そこは市の郊外で、人気がなく暗い区画であった。ふたたび声が木霊する。
「この世界を破壊したくはないか?」
「お前は誰だ?」青年は辺りをきょろきょろと見回した。
「私はサタンだ。君らが言う悪魔の棟梁サタン。君たちが信仰する神にあだなす悪魔だよ、青年。ともに世界を破壊しようではないか」
青年はサタンに答えなかった。
「この腐り切った世界を破壊することに、なんの罪があると言うのか。いや、むしろ腐り切ったこの世界は破壊しなければならないのだ」
悪魔の声がどこから聞こえるのか、探しているかのように青年は通りを見回している。
「悪魔の言うことに耳を傾けるわけがないだろう。そもそも、悪魔だとか、神だとかは存在しない」
「それはおかしいぞ。享楽的な少年よ。私は存在する。そして、私は悪魔ではない。真の悪魔は、神を語る奴らだ。どうして私が悪だと決めつける? 私が悪事を働いているところを見たのか? お前の眼で見ていないだろう。我々は、神を語る悪魔が人類を毒すのを守るために生まれたのだ」
青年は歩き出す。
「――馬鹿馬鹿しい。悪魔はみなそう言うんだろ」
「悪魔は存在しないと言っていたのに、それを認めるのかね?」
「認めない。悪魔だとかの存在は、科学的には証明されていない」
悪魔の笑い声が辺りに響いた。
「科学? 笑わせるじゃないか、愚かな人間よ。君が言う科学とは、西洋科学であろう。しかも、科学的に証明できないものは、その存在自体を否定するなどとは、酷い話じゃないか。人間は自分が思っている以上に、自身について、世界について、知らないのではないかね?」
青年は舌打ちをした。
「面倒な奴だな。とっとと消えろ。二度と俺の前に現れるな。もし現れたら、呪い殺してやる」
しばしの時間。悪魔がささやく。
「面白い。だが、もう遅いぞ。私は君に憑いているのだよ。手遅れだ。呪い殺せるというものなら、呪い殺してみるがいい。がははははは……」
悪魔の高笑い。
青年も笑い出した。
だれもいない路地裏で、青年と悪魔。
「俺に憑いているだって? 笑わせる。嘘だろう。もしそうだとするならば、一度俺の体から離れて、その姿を見せてからにしろ」
「良かろう。疑い深い人間よ。私の姿を見た者は、永遠にその呪縛から逃れられないだろう。その覚悟があるのか、青年」
青年は手で合図した。
「面倒なことはいい。その姿を現してから薀蓄を述べろ」
悪魔の短い笑い声はすぐにやんだ。
「――うむ、青年。貴様の体から離れることができない。君が私を縛っているのではないか?」
にやり。
『うわぁあああ!』
龍之介は目が覚めた。

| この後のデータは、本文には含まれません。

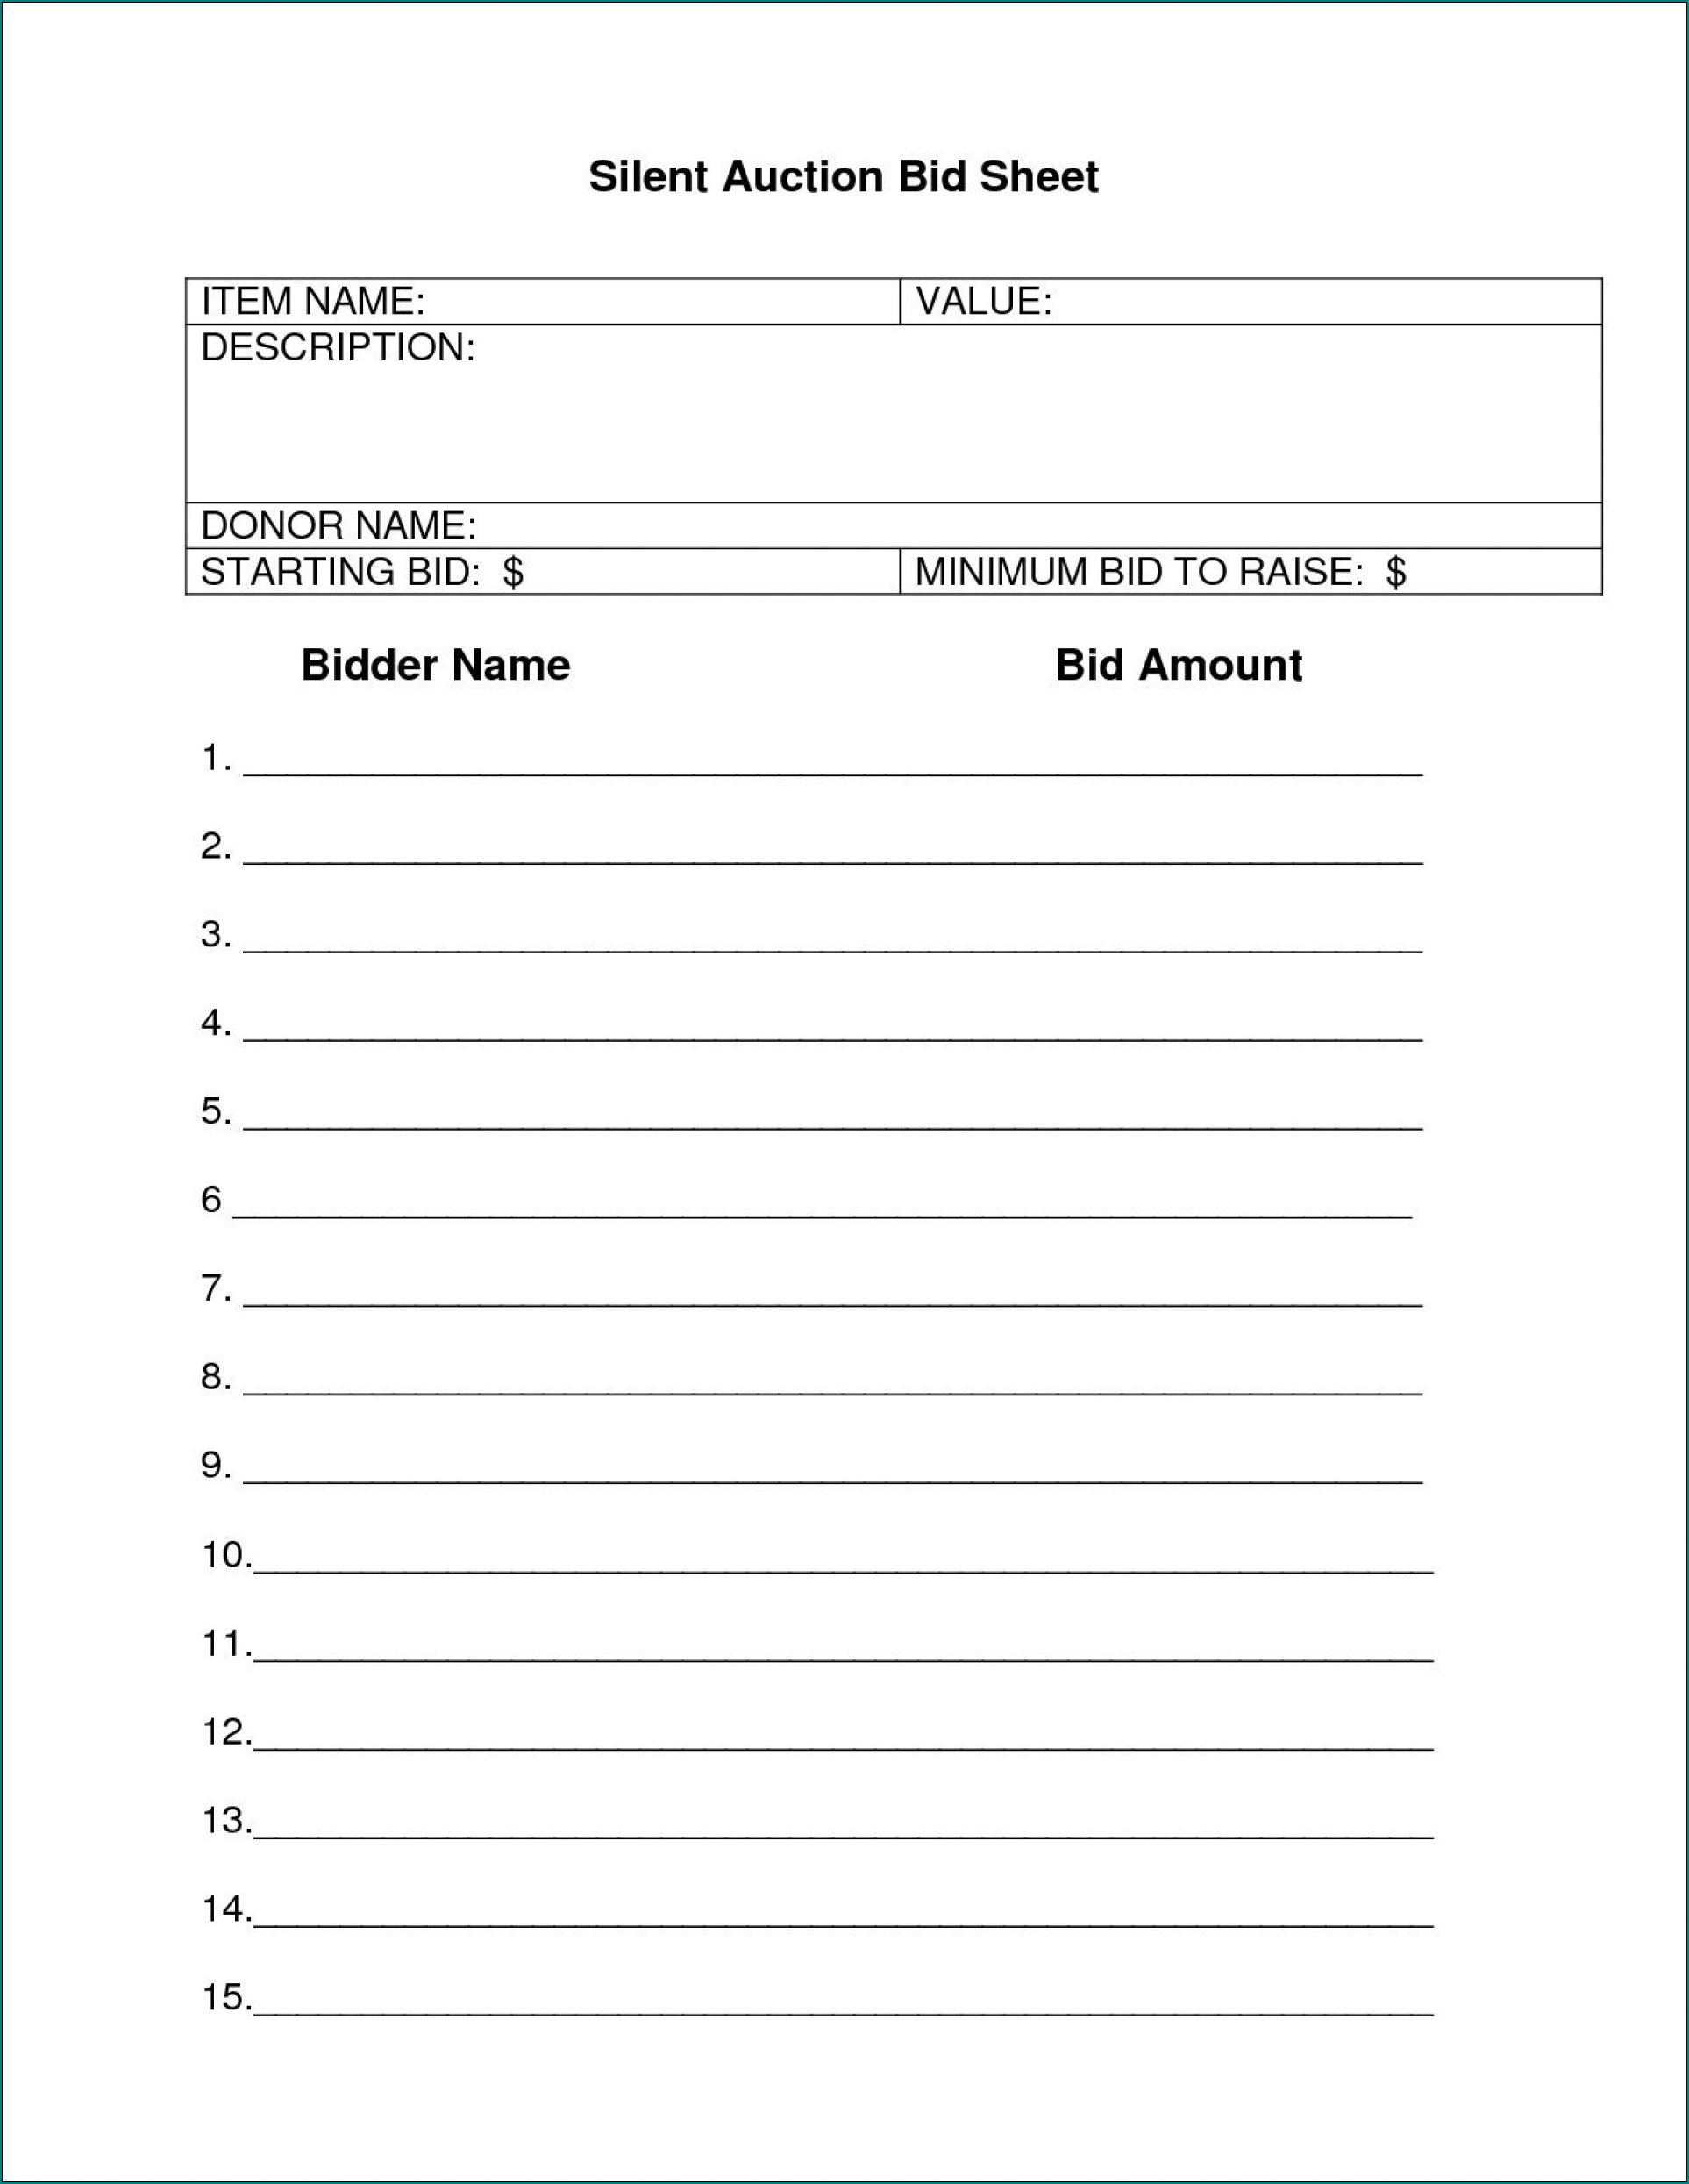 Example of Silent Auction Bid Sheet Template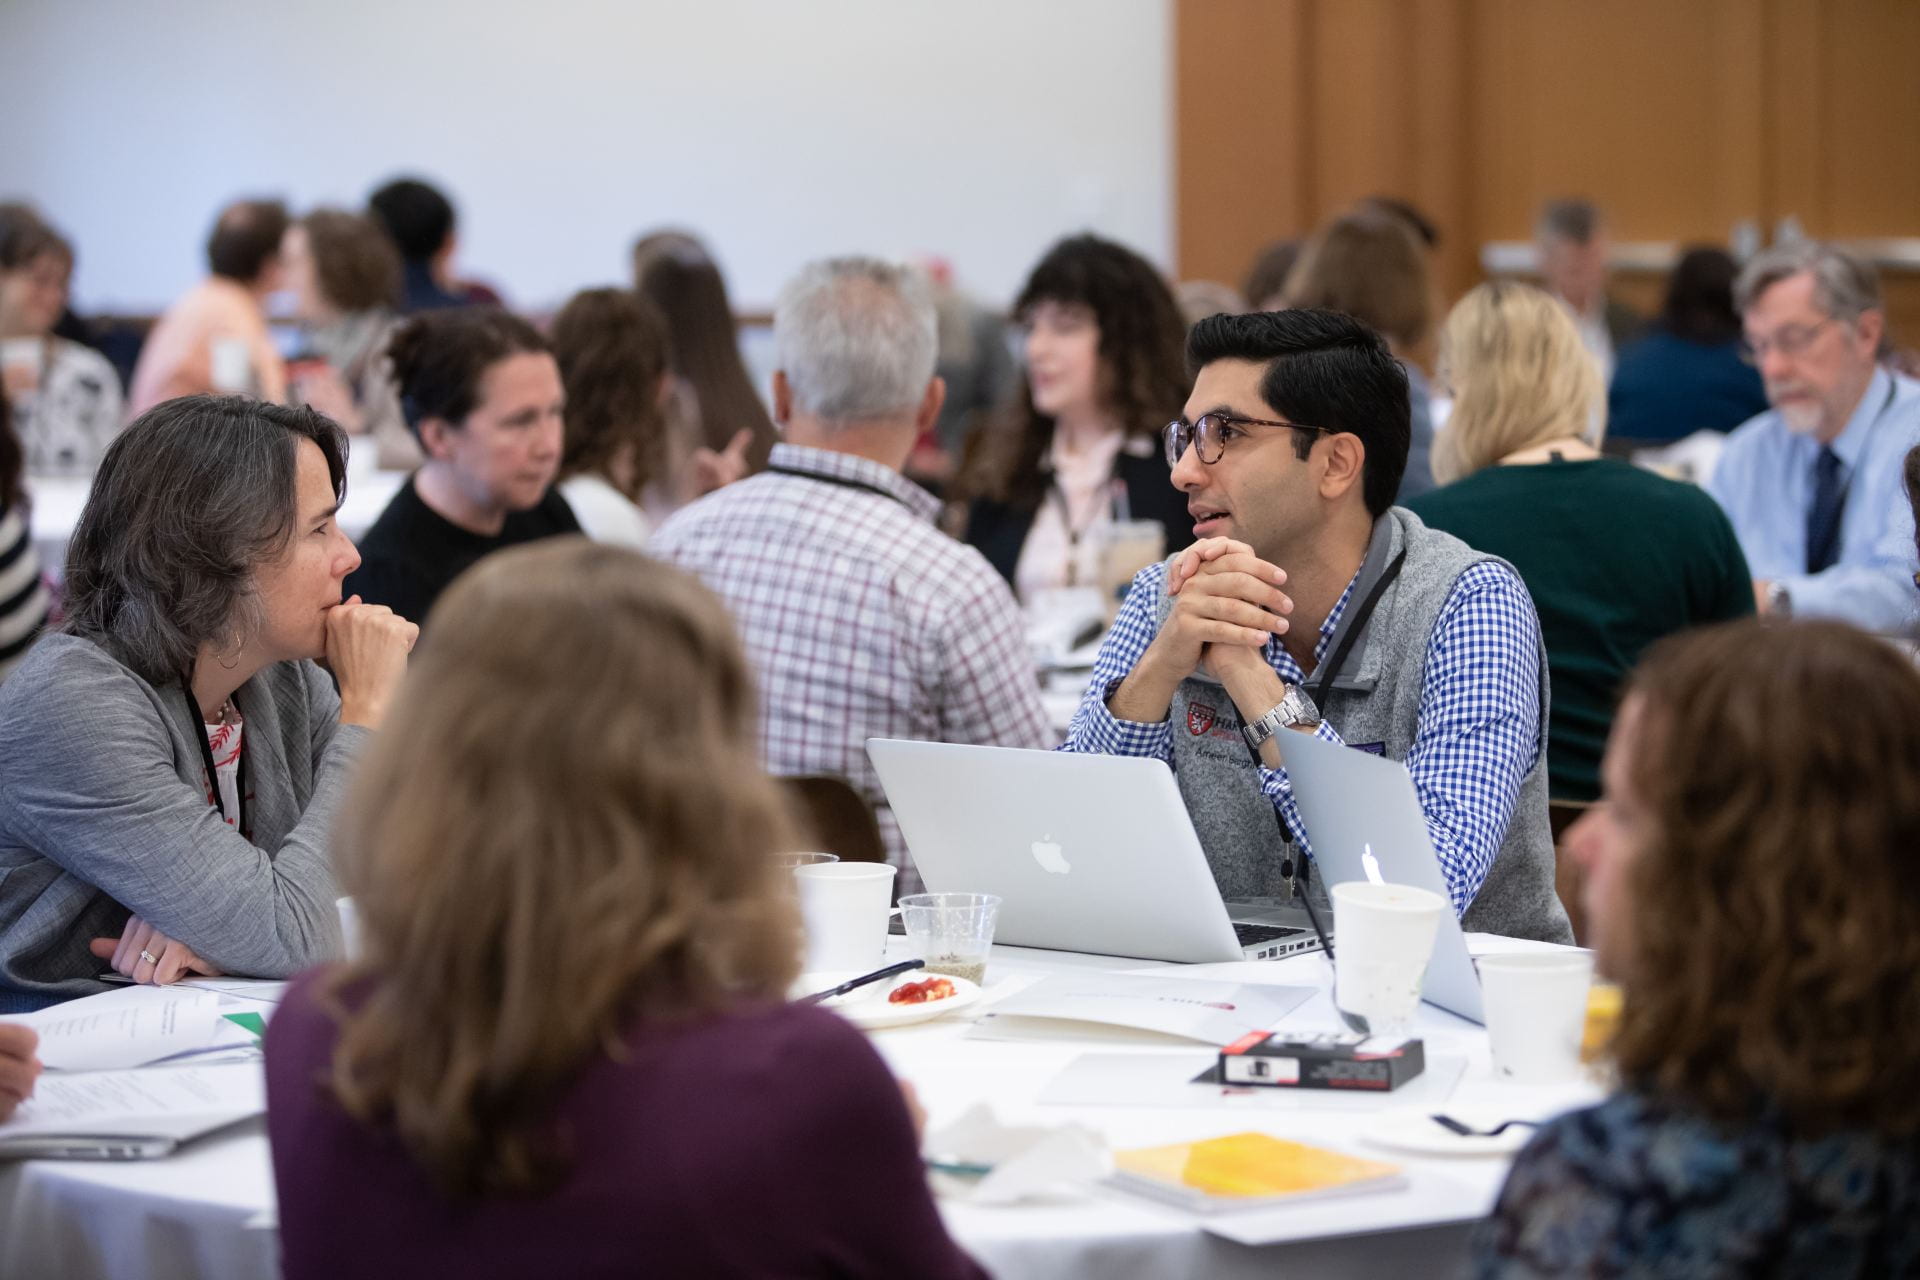 Attendees at 2019 HILT Conference speak at round tables.

まだ暗い。
「最近変な夢見すぎ」
悪態をついた龍之介はもう一度床についた。
世の中を騒がせている者があった。
人々は、その者を「サタンの娘」と呼んだ。
目下、その正体は謎に包まれている。
太陽が昇り、闇から光が現れる頃、その正体も少なからずわかるであろう――
観察者、海野龍之介。
登場人物二名。
記録なし。初めての登場者。
まぶしい太陽の光が少年に降り注いでいた。
時刻も九時をすこし過ぎたころ。
少年がだるそうに身体を起こした。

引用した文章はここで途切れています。